REQUIREMENT:
Make an exact copy of all the data, pictures excluded.

INPUT DATA:
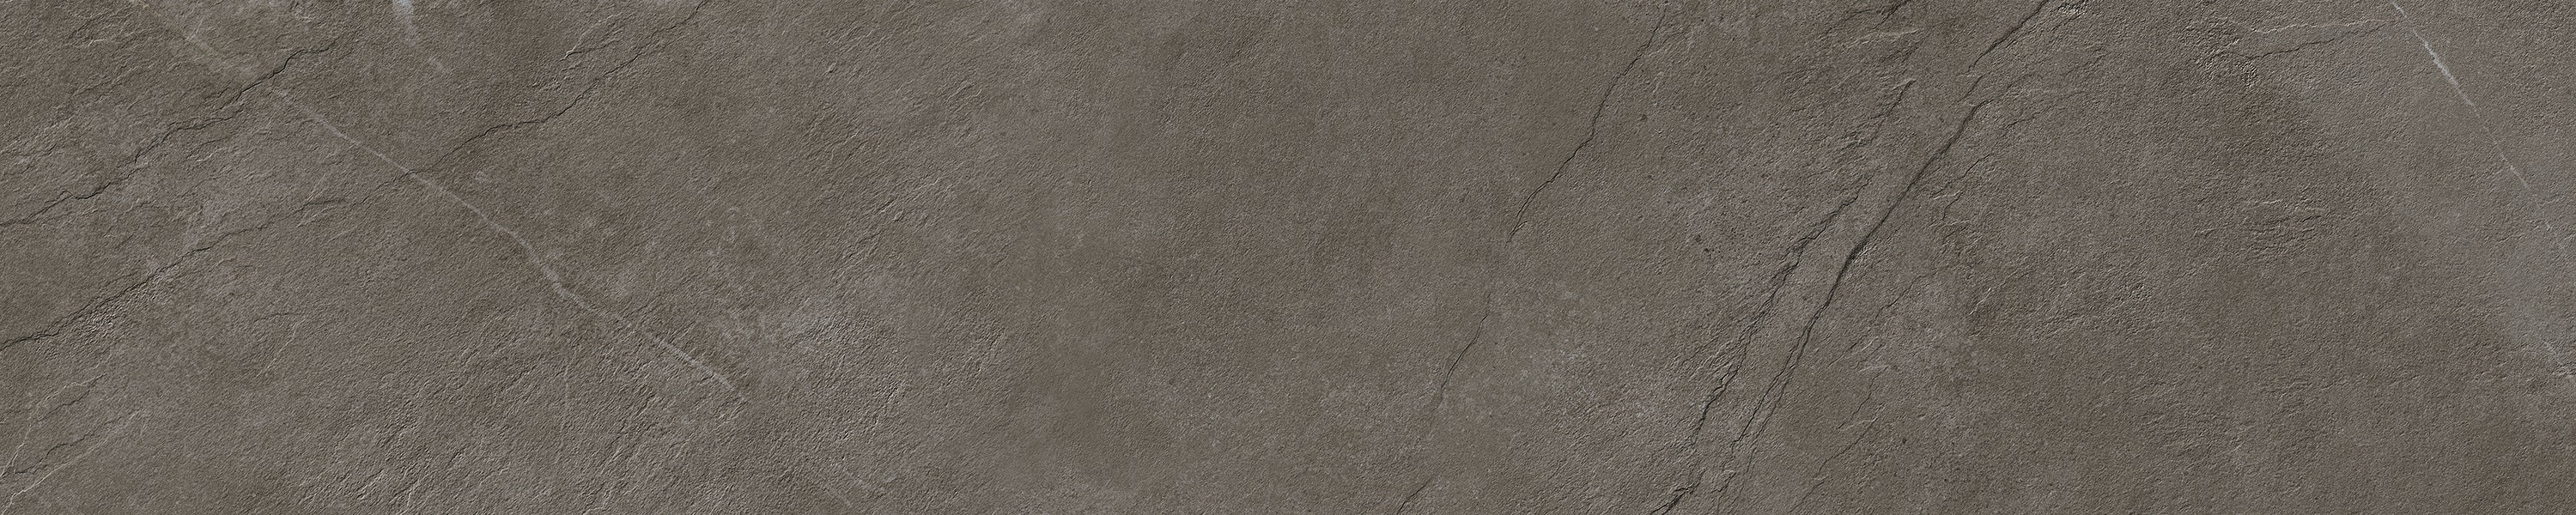 landmark 9mm journey contemporary dark field tile 7_75x40x9mm matte rectified porcelain tile distributed by surface group international
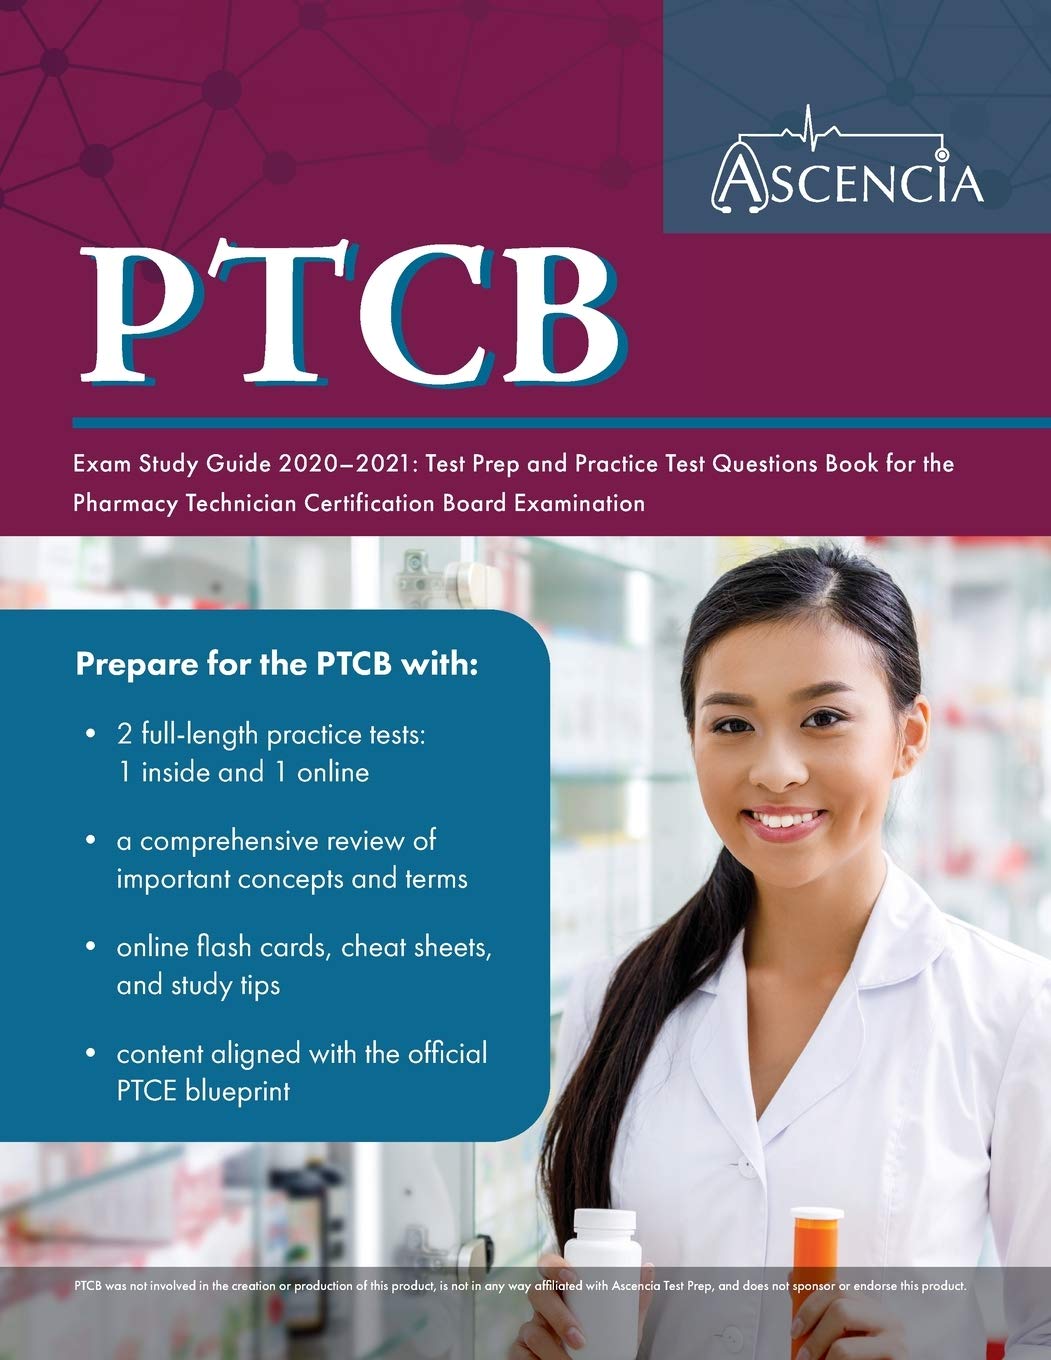 PTCB Exam Study Guide 2020-2021: Test Prep and Practice Test Questions Book for the Pharmacy Technician Certification Board Examination
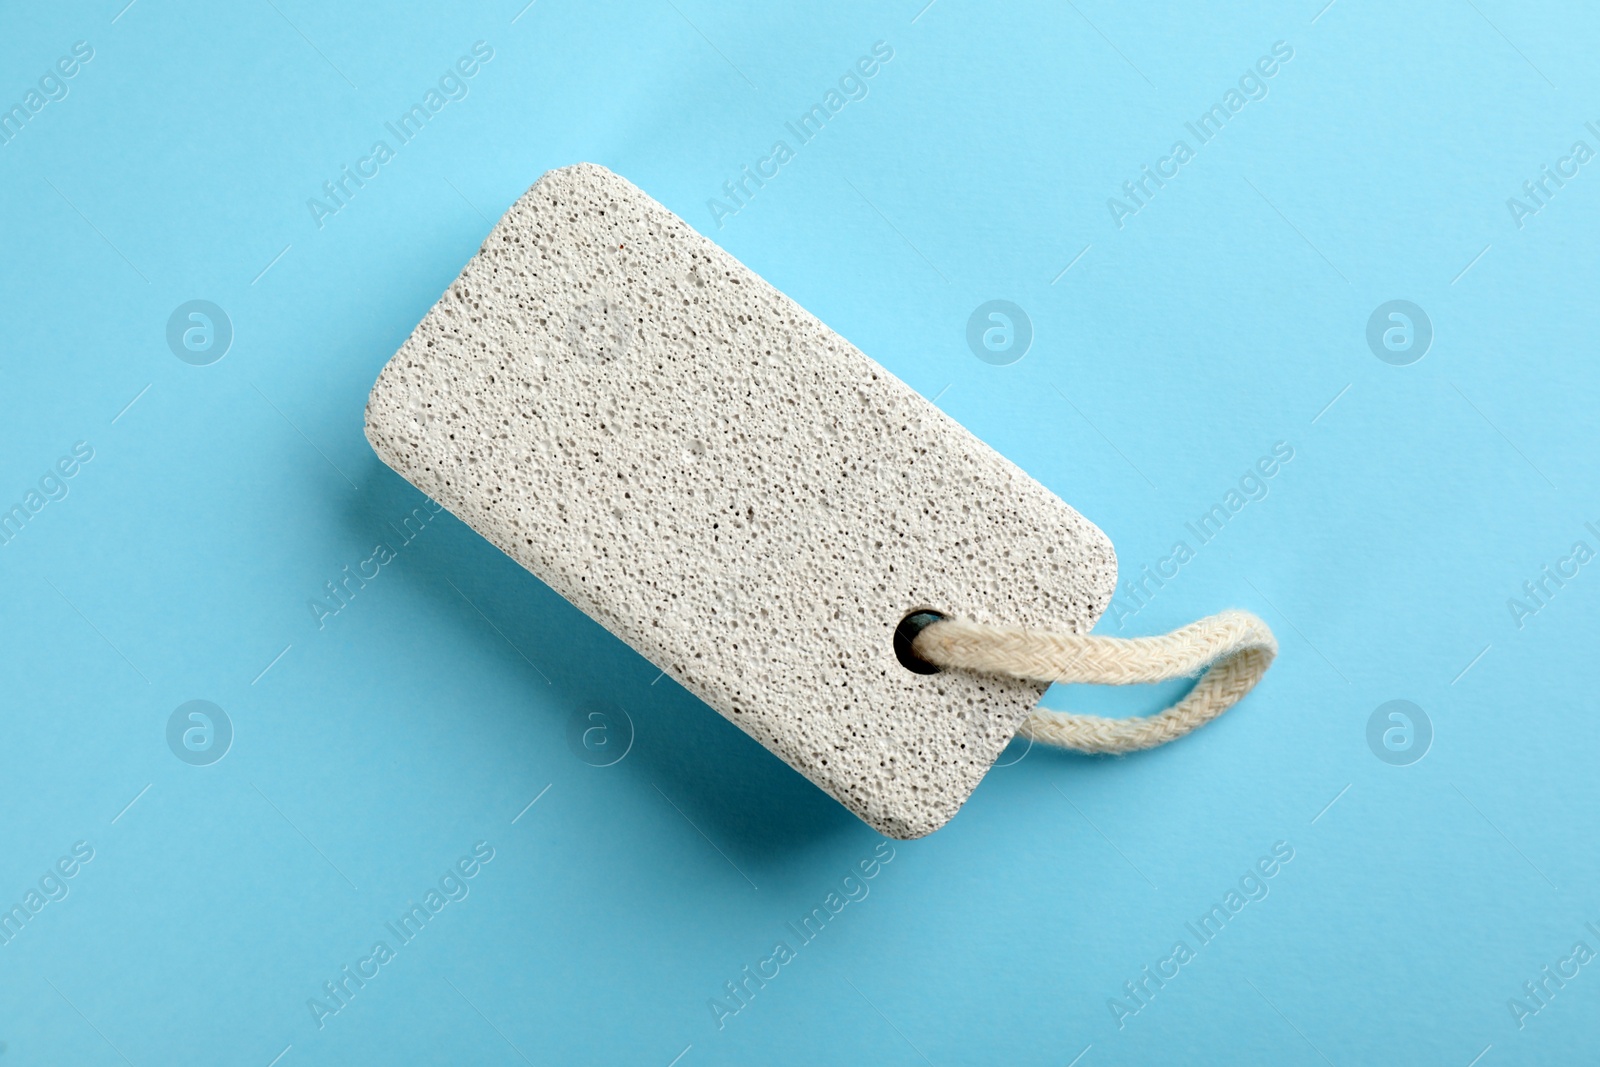 Photo of Pumice stone on light blue background, top view

REPLY:
 landmark 9mm journey contemporary dark field tile 7_75x40x9mm matte rectified porcelain tile distributed by surface group international
 PTCB Exam Study Guide 2020-2021: Test Prep and Practice Test Questions Book for the Pharmacy Technician Certification Board Examination
 Photo of Pumice stone on light blue background, top view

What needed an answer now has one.